### EXERCISE INPUTS

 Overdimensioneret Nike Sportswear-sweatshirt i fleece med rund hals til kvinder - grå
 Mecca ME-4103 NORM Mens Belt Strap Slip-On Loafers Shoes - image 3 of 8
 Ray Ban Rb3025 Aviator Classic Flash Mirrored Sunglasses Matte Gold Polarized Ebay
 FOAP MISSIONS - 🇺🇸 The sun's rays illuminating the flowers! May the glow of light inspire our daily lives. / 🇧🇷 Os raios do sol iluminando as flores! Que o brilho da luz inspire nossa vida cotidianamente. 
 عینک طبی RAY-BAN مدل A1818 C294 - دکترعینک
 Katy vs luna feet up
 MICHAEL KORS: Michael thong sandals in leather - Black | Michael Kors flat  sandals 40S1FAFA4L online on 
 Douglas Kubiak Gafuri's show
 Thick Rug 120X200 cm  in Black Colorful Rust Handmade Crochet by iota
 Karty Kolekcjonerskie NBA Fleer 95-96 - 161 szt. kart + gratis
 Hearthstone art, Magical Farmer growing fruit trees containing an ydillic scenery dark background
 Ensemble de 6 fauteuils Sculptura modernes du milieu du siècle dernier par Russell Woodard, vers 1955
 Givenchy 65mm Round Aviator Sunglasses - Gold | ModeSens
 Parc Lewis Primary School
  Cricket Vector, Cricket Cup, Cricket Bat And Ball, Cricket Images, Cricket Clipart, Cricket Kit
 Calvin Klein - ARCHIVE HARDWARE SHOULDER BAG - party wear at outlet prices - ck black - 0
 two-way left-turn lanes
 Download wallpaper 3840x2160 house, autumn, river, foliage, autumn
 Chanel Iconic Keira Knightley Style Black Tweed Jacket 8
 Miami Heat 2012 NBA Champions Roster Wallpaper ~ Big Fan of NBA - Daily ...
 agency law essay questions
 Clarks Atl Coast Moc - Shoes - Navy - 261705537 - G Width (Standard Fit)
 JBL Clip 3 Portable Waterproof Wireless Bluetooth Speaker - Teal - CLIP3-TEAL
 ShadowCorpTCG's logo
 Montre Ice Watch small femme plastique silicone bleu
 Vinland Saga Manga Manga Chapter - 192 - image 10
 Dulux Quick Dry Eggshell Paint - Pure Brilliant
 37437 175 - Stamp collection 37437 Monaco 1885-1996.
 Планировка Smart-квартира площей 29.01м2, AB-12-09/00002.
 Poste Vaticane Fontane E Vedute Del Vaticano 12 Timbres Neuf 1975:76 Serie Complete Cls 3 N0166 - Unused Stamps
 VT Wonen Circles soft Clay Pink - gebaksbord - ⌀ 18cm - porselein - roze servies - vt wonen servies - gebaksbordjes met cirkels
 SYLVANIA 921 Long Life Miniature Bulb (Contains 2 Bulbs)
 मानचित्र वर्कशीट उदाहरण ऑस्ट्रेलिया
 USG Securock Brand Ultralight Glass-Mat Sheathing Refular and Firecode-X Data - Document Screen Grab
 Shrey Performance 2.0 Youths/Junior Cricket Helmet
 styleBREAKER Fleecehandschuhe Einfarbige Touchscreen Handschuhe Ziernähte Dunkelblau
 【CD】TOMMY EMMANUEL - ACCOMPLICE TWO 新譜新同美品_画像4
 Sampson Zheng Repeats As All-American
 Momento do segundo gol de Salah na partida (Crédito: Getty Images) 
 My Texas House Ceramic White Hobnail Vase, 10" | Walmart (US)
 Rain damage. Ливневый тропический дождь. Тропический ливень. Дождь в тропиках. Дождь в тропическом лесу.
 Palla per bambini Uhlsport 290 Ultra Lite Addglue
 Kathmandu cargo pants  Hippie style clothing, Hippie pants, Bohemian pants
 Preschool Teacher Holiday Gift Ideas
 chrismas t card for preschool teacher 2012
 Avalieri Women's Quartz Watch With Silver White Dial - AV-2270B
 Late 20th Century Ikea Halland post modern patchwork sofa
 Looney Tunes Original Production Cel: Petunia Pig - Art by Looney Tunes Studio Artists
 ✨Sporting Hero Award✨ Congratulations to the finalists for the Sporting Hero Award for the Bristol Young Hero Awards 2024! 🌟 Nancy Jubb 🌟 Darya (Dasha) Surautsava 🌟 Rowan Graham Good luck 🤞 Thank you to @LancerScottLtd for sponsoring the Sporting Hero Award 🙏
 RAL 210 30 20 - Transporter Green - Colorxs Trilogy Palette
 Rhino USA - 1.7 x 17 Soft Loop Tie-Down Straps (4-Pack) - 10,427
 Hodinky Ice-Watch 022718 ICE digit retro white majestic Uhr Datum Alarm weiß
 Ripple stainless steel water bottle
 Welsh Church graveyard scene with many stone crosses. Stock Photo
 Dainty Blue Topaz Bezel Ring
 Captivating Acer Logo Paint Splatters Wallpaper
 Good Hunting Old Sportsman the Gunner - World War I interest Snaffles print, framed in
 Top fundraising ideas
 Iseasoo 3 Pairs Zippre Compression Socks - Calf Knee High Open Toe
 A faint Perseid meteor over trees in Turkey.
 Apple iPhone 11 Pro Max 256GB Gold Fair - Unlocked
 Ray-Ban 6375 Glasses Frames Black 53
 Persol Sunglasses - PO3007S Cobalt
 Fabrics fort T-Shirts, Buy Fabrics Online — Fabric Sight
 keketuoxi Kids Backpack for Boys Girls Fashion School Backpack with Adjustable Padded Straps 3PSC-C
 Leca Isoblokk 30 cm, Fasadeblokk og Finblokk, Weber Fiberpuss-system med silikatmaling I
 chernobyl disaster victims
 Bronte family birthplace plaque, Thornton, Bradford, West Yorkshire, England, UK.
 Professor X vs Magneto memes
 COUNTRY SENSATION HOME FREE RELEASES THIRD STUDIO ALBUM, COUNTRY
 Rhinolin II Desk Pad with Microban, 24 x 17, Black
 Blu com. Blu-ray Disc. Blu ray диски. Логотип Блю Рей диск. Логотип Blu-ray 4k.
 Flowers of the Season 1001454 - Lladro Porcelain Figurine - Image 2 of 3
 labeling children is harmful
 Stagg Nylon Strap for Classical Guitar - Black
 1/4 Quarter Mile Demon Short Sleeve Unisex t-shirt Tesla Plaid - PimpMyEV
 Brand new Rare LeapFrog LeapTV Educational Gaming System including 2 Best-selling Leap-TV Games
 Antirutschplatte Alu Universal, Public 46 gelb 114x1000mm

######

● PROBLEM DESCRIPTION:
Pull each line containing the word "Shoes" out of the data above.

● EXERCISE OUTPUT:
 Mecca ME-4103 NORM Mens Belt Strap Slip-On Loafers Shoes - image 3 of 8
 Clarks Atl Coast Moc - Shoes - Navy - 261705537 - G Width (Standard Fit)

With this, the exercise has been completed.